Appeal from an order of the Family Court, Erie County (Margaret O. Szczur, J.), entered October 4, 2017 in a proceeding pursuant to Family Court Act article 10. The order, among other things, determined that respondent had neglected the subject children.

It is hereby ORDERED that the order so appealed from is unanimously affirmed without costs.

Memorandum: In this proceeding pursuant to Family Court Act article 10, respondent mother appeals from a fact-finding and dispositional order that, inter alia, adjudged that she neglected her five children. Initially, we reject the mother's contention that the petitions that originated this proceeding were invalid inasmuch as they were not properly verified. Contrary to the mother's contention, petitions in neglect proceedings need not be verified (see Family Ct Act § 1031; Merril Sobie, Practice Commentaries, McKinney's Cons Laws of NY, Book 29A, Family Ct Act § 1031 at 290 [2010 ed]; see also Mamoon v Dot Net Inc., 135 AD3d 656, 657 [1st Dept 2016]; see generally Family Ct Act § 165 [a]).

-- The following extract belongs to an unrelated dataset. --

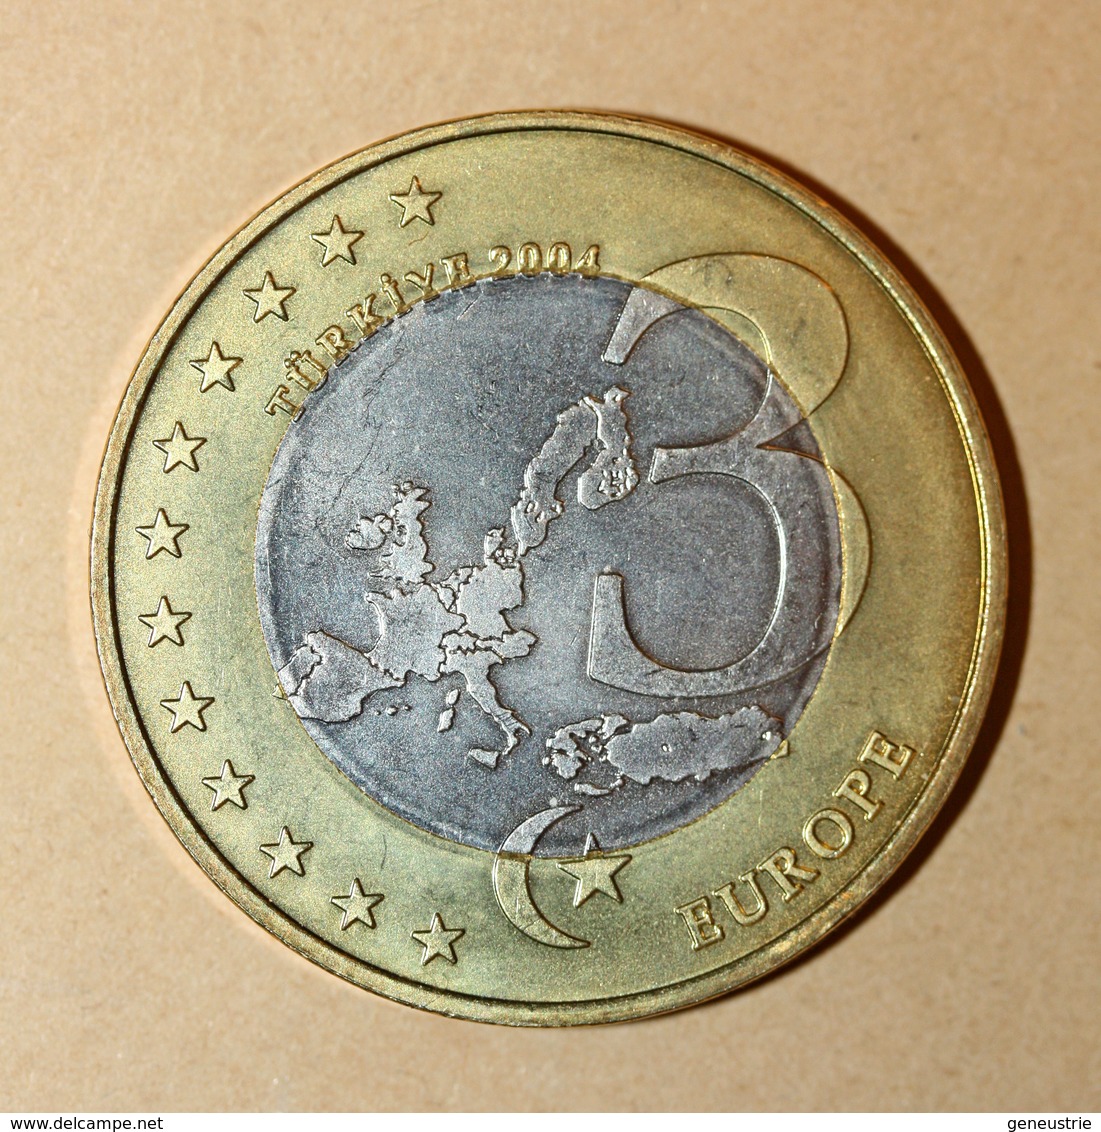 Monnaie Jeton De 3 Euros ? "Turkiye 2004 / Mustafa Kemal Ataturk 1881-1938" - Privatentwürfe

The mother failed to preserve her contention that Family Court improperly admitted in evidence, without a proper foundation, the children's school records (see Matter of Shirley A.S. [David A.S.], 90 AD3d 1655, 1655 [4th Dept 2011], lv denied 18 NY3d 811 [2012]). Indeed, the mother's attorney conceded that the records were properly admitted. In any event, we conclude that any error in admitting the records was harmless. Most of the information contained therein, including that regarding attendance and behavioral issues, was cumulative of testimony given by school social workers (see Matter of Ezekiel C., 12 AD3d 333, 334 [1st Dept 2004]), and the court expressly noted that its finding of neglect was not based on educational neglect. Thus, the result would have been the same even if the school records had been excluded (see Matter of Kyla E. [Stephanie F.], 126 AD3d 1385, 1386 [4th Dept 2015], lv denied 25 NY3d 910 [2015]).